What is required: Exactly as written, return every line of the data below apart from the pictures.

Given data:
-=-=-=-=-
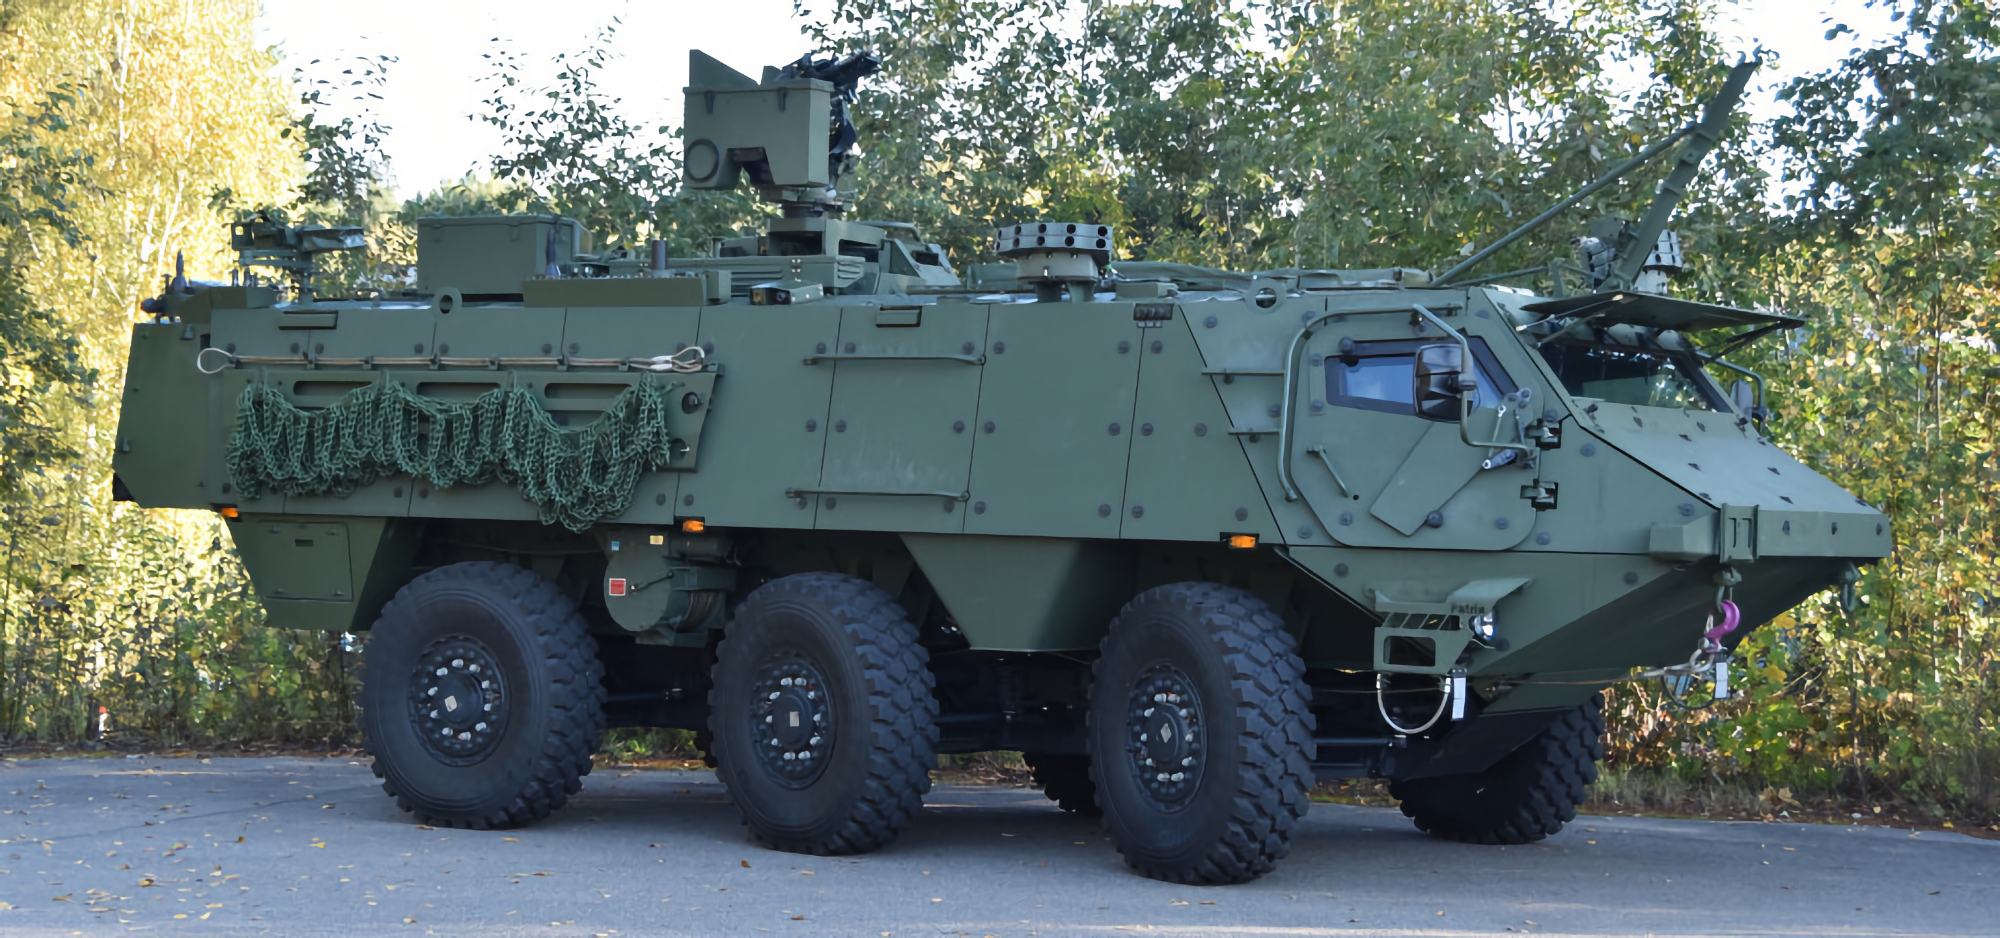 Финляндия покупает бронетранспортёры Patria 66 с дистанционно управляемыми боевыми модулями Protector
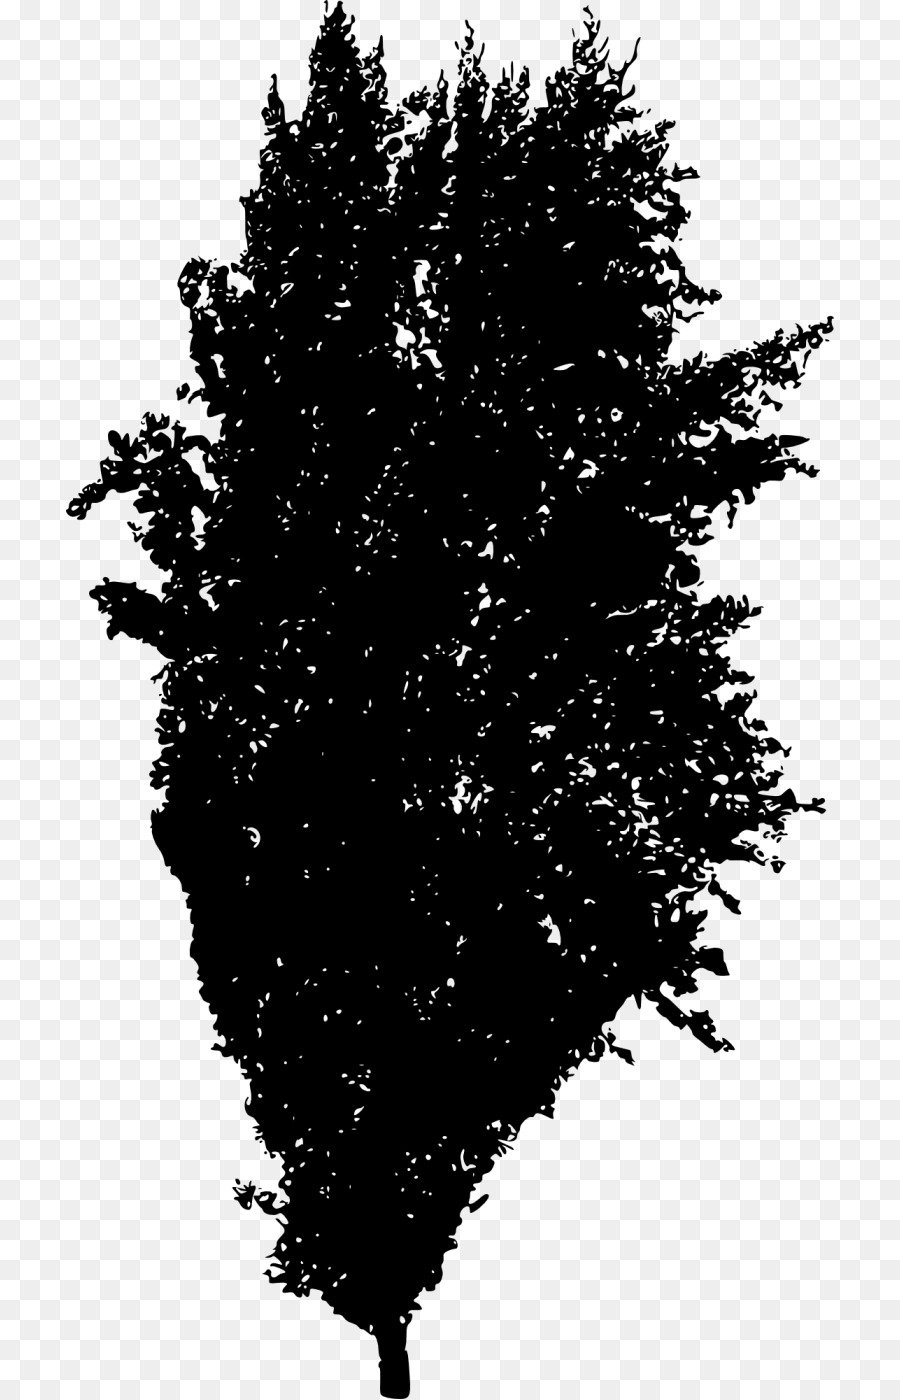 Baum-Silhouette-Fichten-Gehölz-Tanne - Baum silhouette
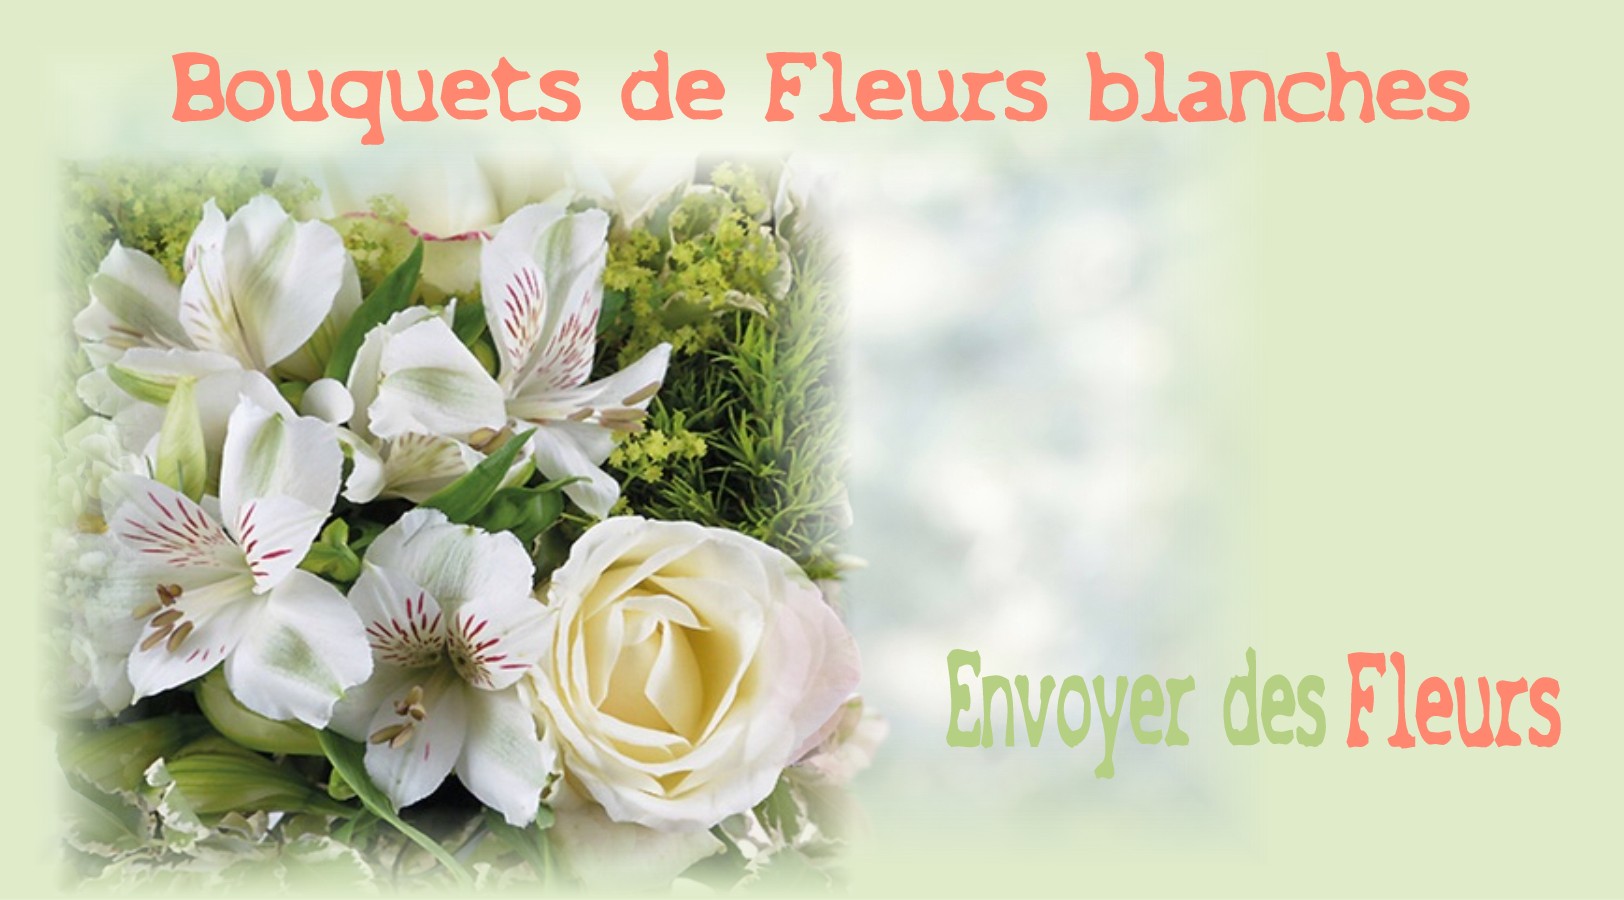 BOUQUETS DE FLEURS BLANCHES -FLEURISTE LILLE (59) - ENVOYER DES FLEURS
-=-=-=-=-
Answer area:
 Финляндия покупает бронетранспортёры Patria 66 с дистанционно управляемыми боевыми модулями Protector
 Baum-Silhouette-Fichten-Gehölz-Tanne - Baum silhouette
 BOUQUETS DE FLEURS BLANCHES -FLEURISTE LILLE (59) - ENVOYER DES FLEURS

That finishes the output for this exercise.